Task statement
Please reproduce all of the data exactly as it appears, but skip the pictures.
*** Opening of Data block ***
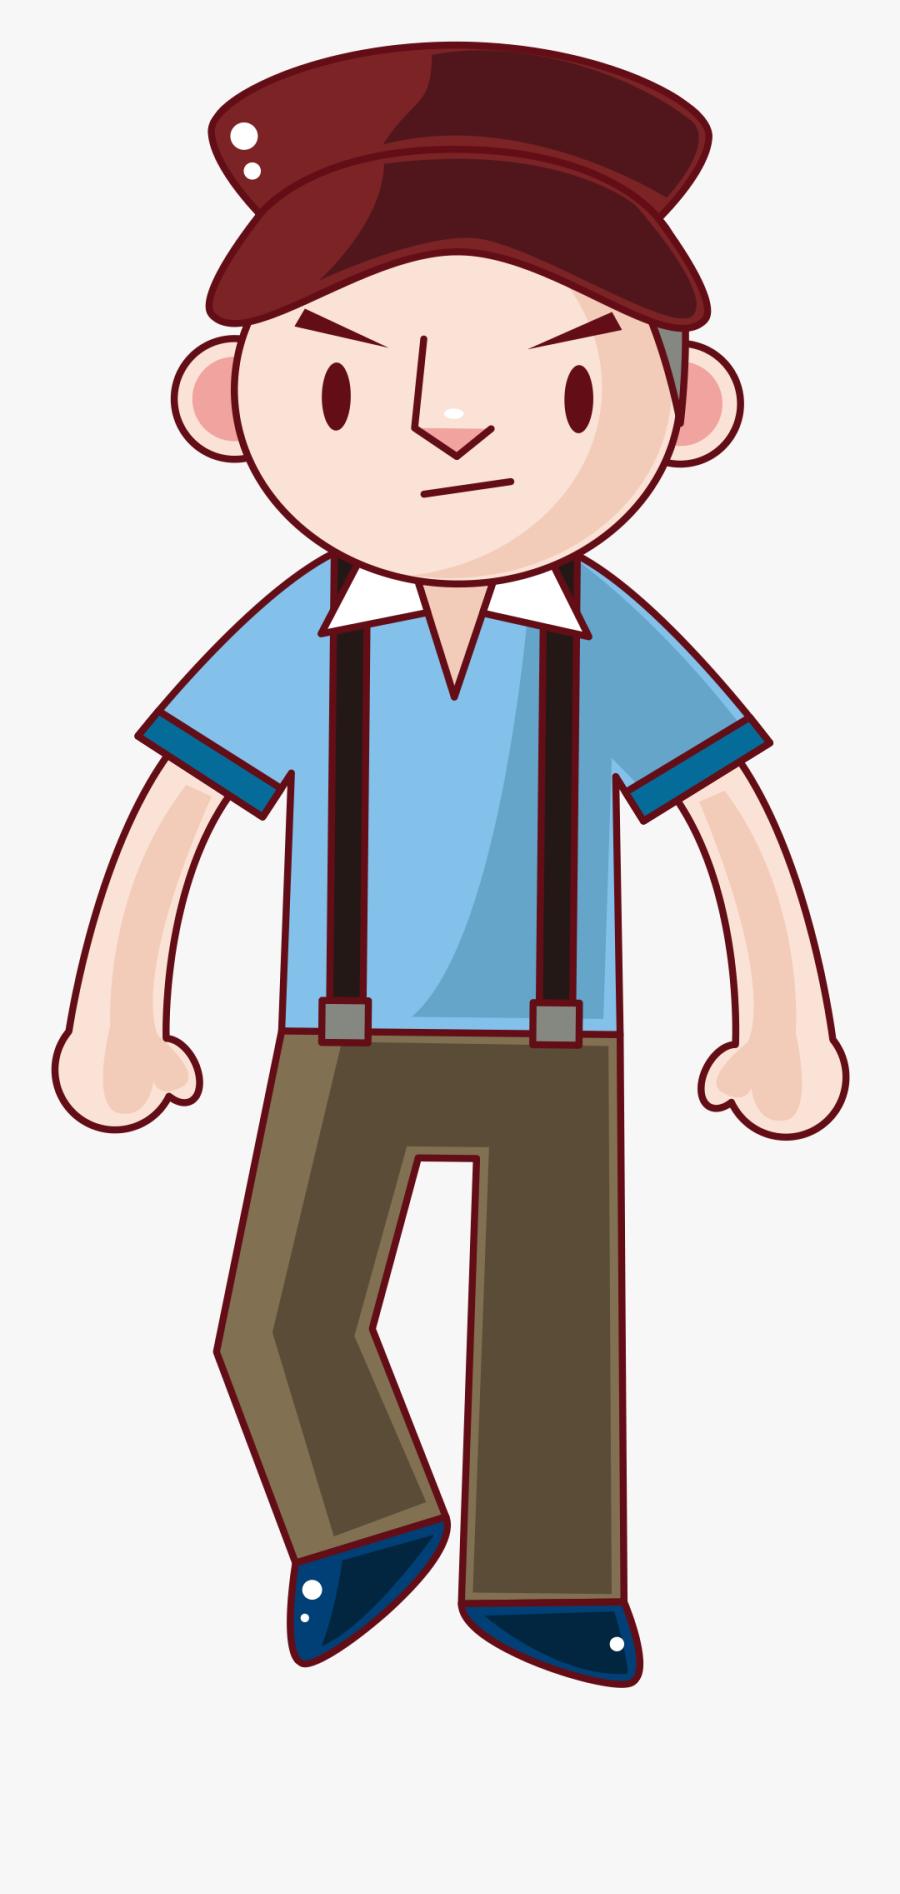 Anime Boy Clipart Human Male - Portable Network Graphics, Transparent Clipart
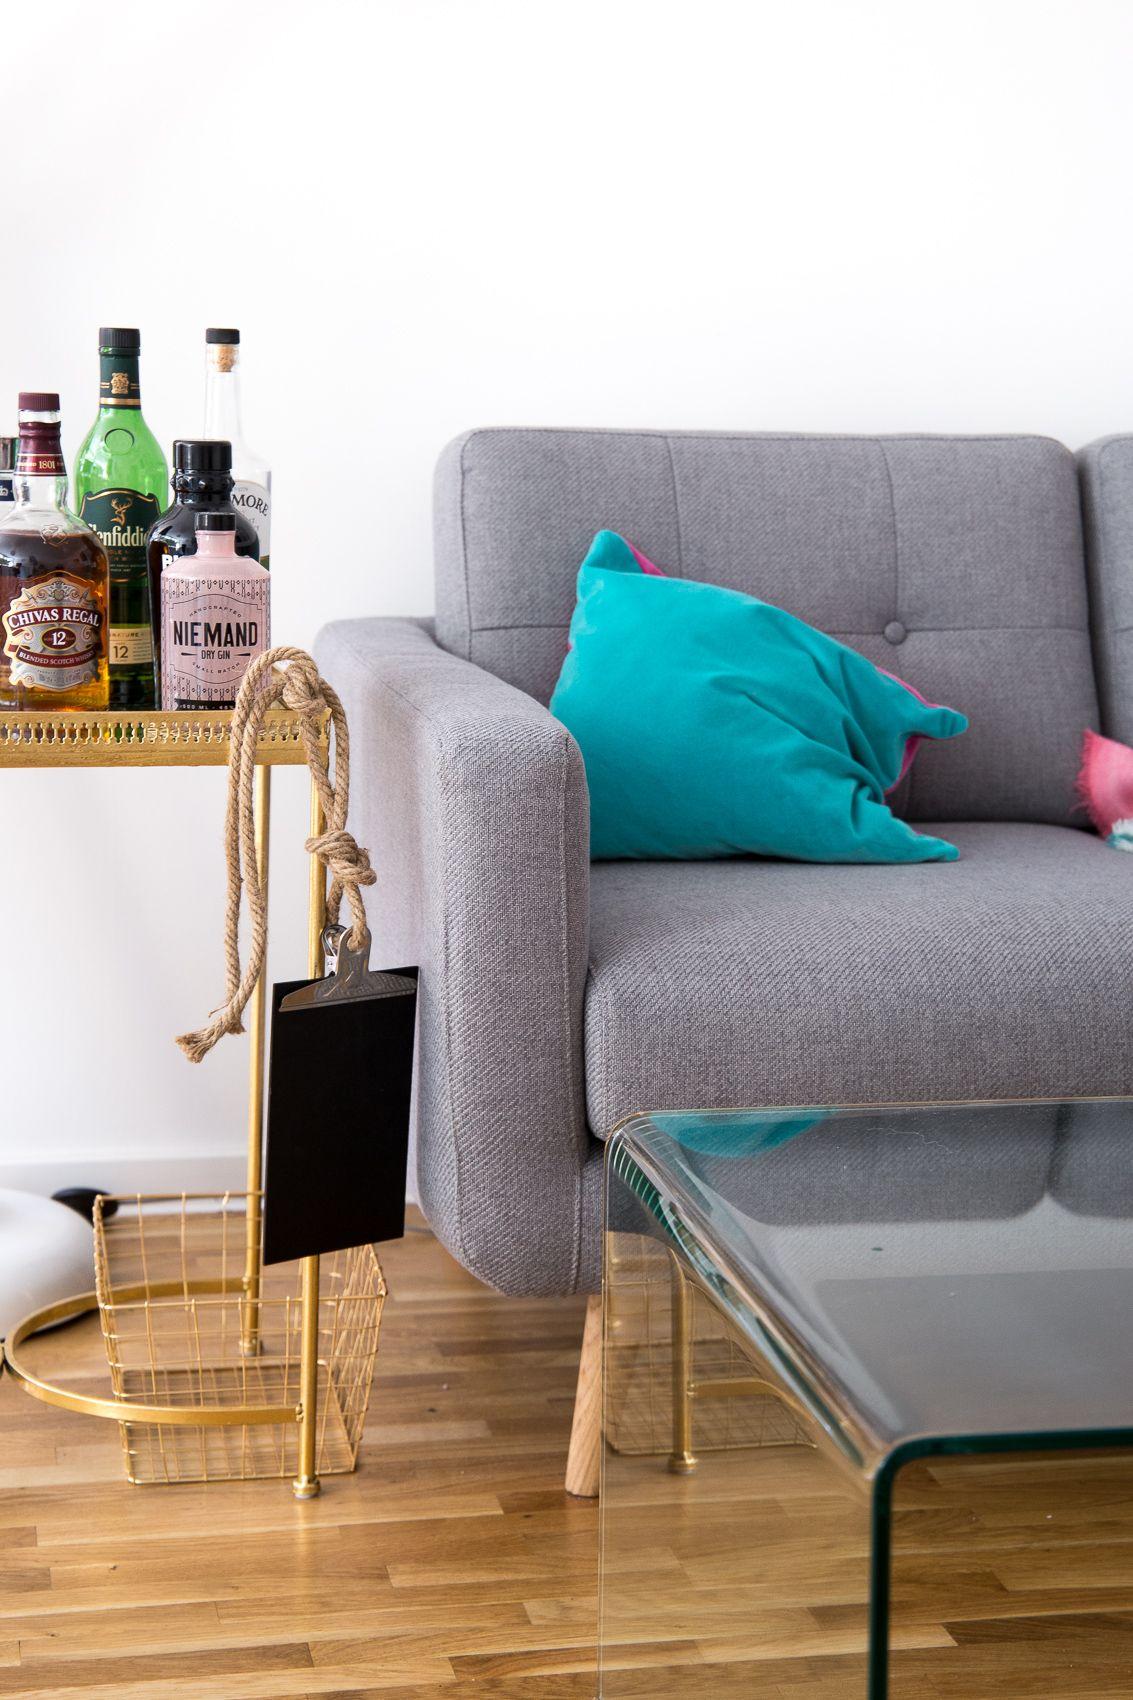 Home sweet home - Neues Sofa & Wohnzimmer Inspiration ...
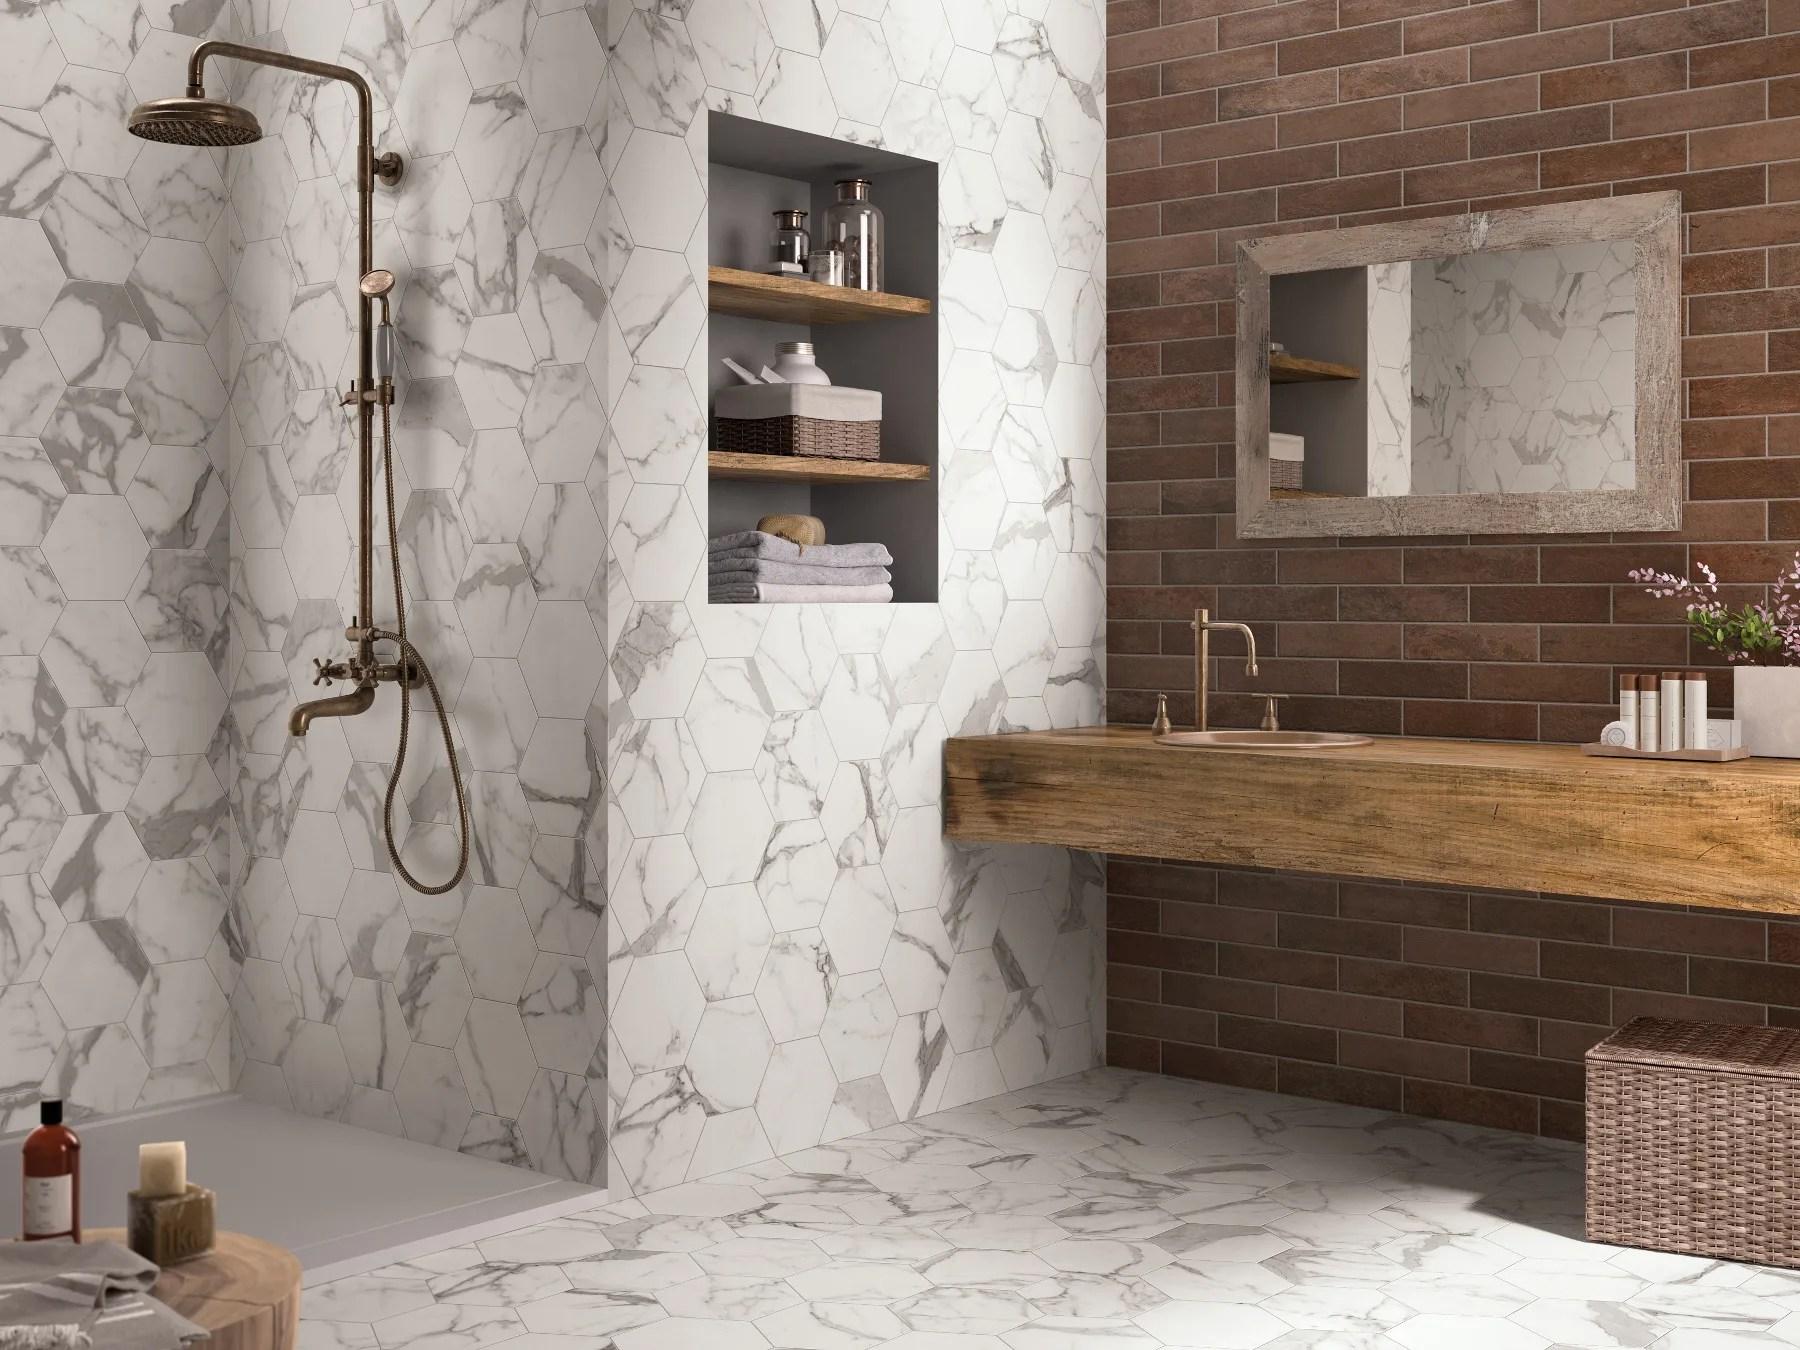 Rivestimento bagno piastrelle esagonali piastrelle esagonali
*** Close of Data block ***
The completed task
 Anime Boy Clipart Human Male - Portable Network Graphics, Transparent Clipart
 Home sweet home - Neues Sofa & Wohnzimmer Inspiration ...
 Rivestimento bagno piastrelle esagonali piastrelle esagonali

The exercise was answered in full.